Brazilian politician

Fernando Silva Bispo, better known as Fernando Holiday (born 22 September 1996) is a Brazilian politician affiliated to the Liberal Party (PL) and councilor of the city of São Paulo. He was elected with 48,055 votes in the 2016 elections, and became the first openly gay councilor, before later publicly renouncing his homosexuality.

He was the national coordinator of the Free Brazil Movement (MBL) and a law student. Holiday became known for convening protests against the Dilma Rousseff government.

==Political career==

At the age of 20, Holiday was elected the youngest councilor in the history of São Paulo, with 48,055 votes.

When he ran for councilman, Holiday was supported by Senator Ronaldo Caiado (DEM-GO), noting that "Holiday has the capacity to represent Brazilians who hope to see renewed policy in it. The real interest in seeing the diminution of the privileges that are granted to politicians, as for example the high salaries and heavy benefits sustained by the voters, will be diminished, as Holiday already promised.

In 2020, he left his party, Democrats, after they supported a bill that aimed to limit transport apps in the city. He joined Patriot, and was reelected with 67,715 votes.

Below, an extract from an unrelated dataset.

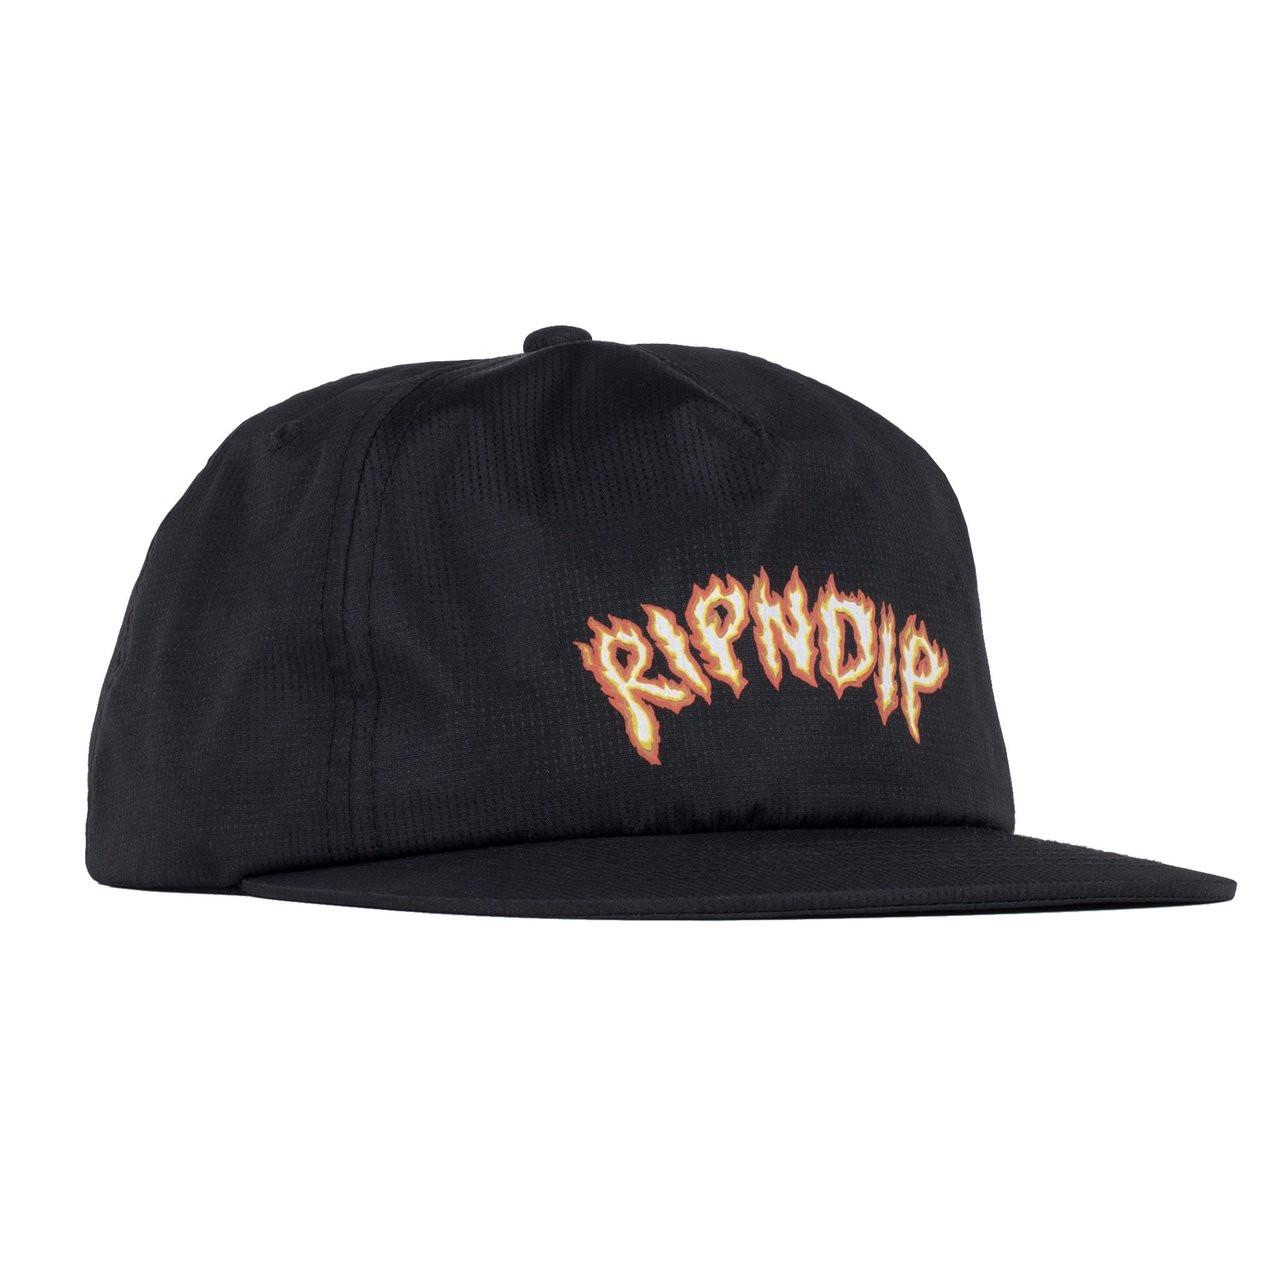 c47246ecc75 RIPNDIP Inferno Snapback Hat - Black

In 2021, he was expelled from Patriot, after criticizing the party's support of Arthur Lira to President of the Chamber of Deputies. He joined New Party a few months later. That same year, he left the Free Brazil Movement, mentioning the movement's lack of priority to the fight against abortion and to the defense of LGBTQ causes.

In 2022, he ran to the federal Chamber of Deputies for the state of São Paulo, but failed to be elected, receiving 38,118 votes. Just four days later, he left New Party and joined Republicans, and said he would not seek reelection for city council in 2024. Nine months later, in July 2023, he left Republicans, and said he hoped to continue to support right-wing ideals "under the leadership of (former) president Jair Bolsonaro", despite not supporting him during his reelection campaign. Days later, he joined the Liberal Party, with Bolsonaro at this side during this affiliation. He once again said he would not seek reelection for city council, saying his focus was on the 2026 election to the federal Chamber of Deputies, but in 2024 said he considers the possibility of leaving politics to go to medical school.

== Political positions==

In his first term as councilman, he undertook to donate 20 percent of his salary. Holiday also signed a term whereby he will agree to waive 50 percent of the current budget of the office, waive the use of the official car and driver and waive 50 percent of the money for operating expenses, going according to the popular demands of that austerity should be for everyone at a time of economic crisis.

Holiday is opposed to the withdrawal of LGBTQ and Black rights: "They should not have less rights, but should not have more rights." Holiday is against the policy of racial quotas in Brazil, considering that they encourage racism. "One of my proposals, not the main one, but one that I intend to propose over the next year, is the repeal of racial quotas in municipal public tenders. encouraging racism ... I believe it is a measure harmful to the state of São Paulo and harmful, even for the blacks themselves" said Holiday.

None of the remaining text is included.